The amount of the discount will vary depending on the length of the lease, the quality of the ground, and how competitive the neighbors are.  For many years, people thought a price reduction of $200 – $300 per acre was appropriate.  Today, however, in the era of $7.00 corn, we have witnessed that discount shrink considerably.  And at some recent auctions I’ve attended, there has been no discount at all.

So what has changed?  I personally believe there are two factors at play. The first is the fact that both farmers and investors are flush with cash at the present.  And farmers have always attempted to buy land when they’ve had the financial ability to do so.  The second is the fact that so little land is now on the market with no increase in supply likely.  So the farmer has a choice… A. I can wait until next fall and hope that a farm in my area will be for sale; or, B. I can buy the farm with the existing lease now, realizing that I only have to ride with the lease for one year.  This isn’t the ideal scenario, but when there’s little on the market for sale, buying now with a lease is better (and possibly cheaper) than waiting and hoping that something will pop-up later. 

The farms where I’ve seen this happen this winter had some common features – they had good quality soils; they were situated in an area where nothing had sold for quite some time; and the surrounding farmers were financially strong.  Not all farms will fit this criterion so the results may differ.  And if/when commodity prices fall in the future, the lease discount may reappear.  Bottom line – the rules are different now.  Assuming there are any rules at all.

Dealing With Cash Rents

Thursday, December 16th, 2010

It seems that no matter where you are at, cash rent numbers are always a moving target.  Because many landlord-tenant contracts are negotiated year-to-year, the rent usually fluctuates with how good or bad the tenant did the previous year.  If the farmer had a good year in the previous year, and the rent goes up for the next year and he/she has a bad year, that farmer is going to feel the pinch.  Conversely, if the landlord decides to lower the cash rent for a farmer after a poor year, and the farmer pulls in a bumper crop and takes advantage of high commodities prices and timely grain marketing, the farmer could be pulling in a nice profit.  When leases are adjusted to reflect the previous year there is always going to be inefficiencies.
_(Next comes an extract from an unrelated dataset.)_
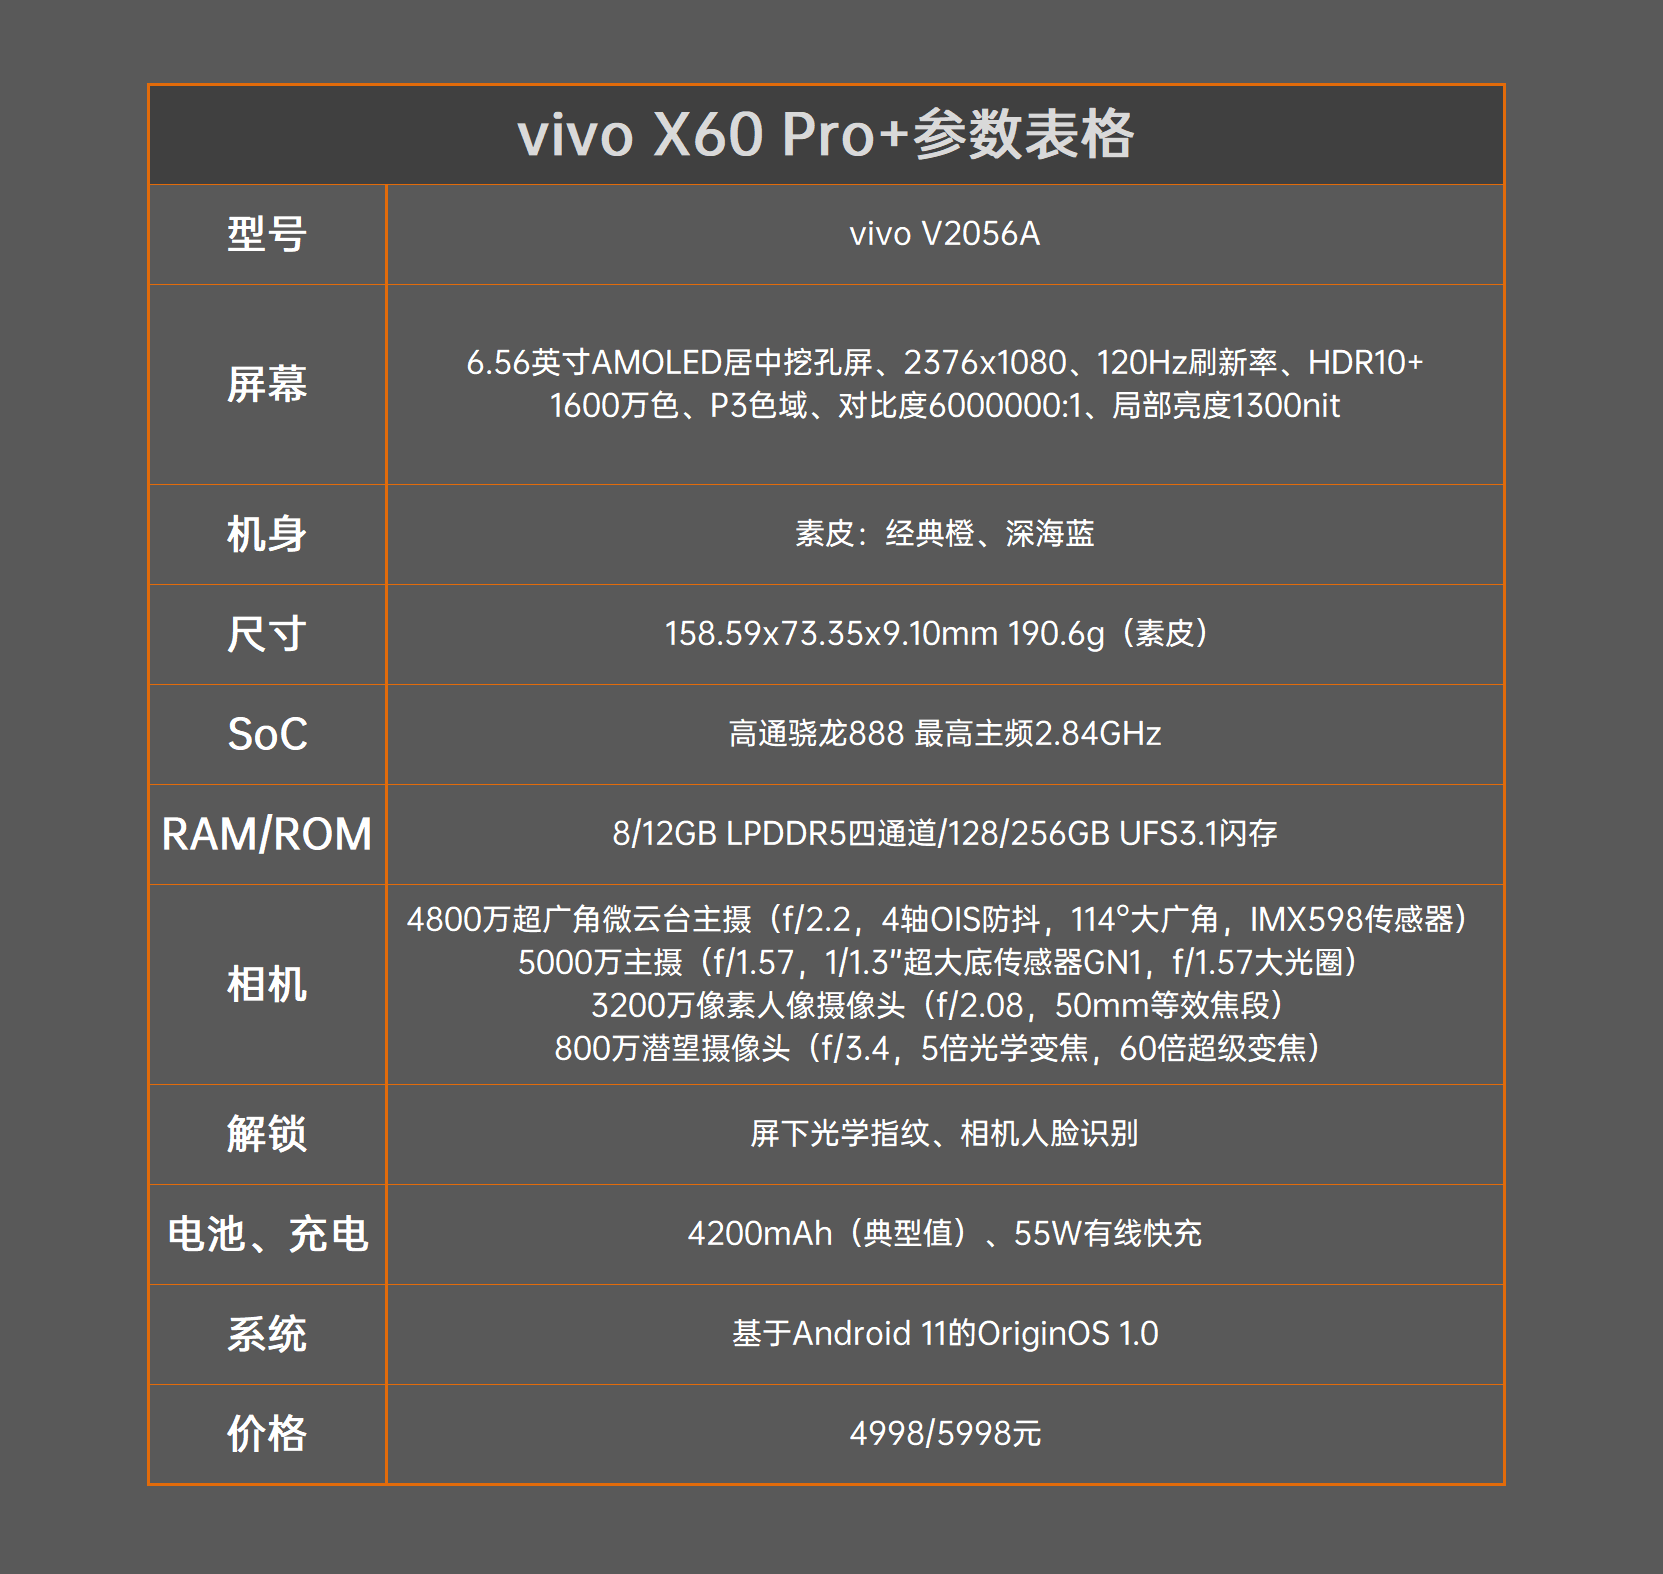 vivox60t参数配置图片

While commodities prices have fluctuated fairly widely the last few years, the cash rent trend has continued to head upward…which is an obvious concern to those writing the cash rent checks twice a year.   A recent article posted on The Farm Gate (University of Illinois) discusses some interesting numbers regarding cash rents (Cash Rent: How Fast & Furious Is It Rising?).  The author points out some interesting numbers, such as that while cash rents have risen by 70% since 1990, non-land production costs and income from crops has almost doubled.  Also, his research points out that over the same time span cash rent portion of the overall budget has declined for many producers.

What kind of trends have you seen in your area?  Are incomes staying up with cash rents?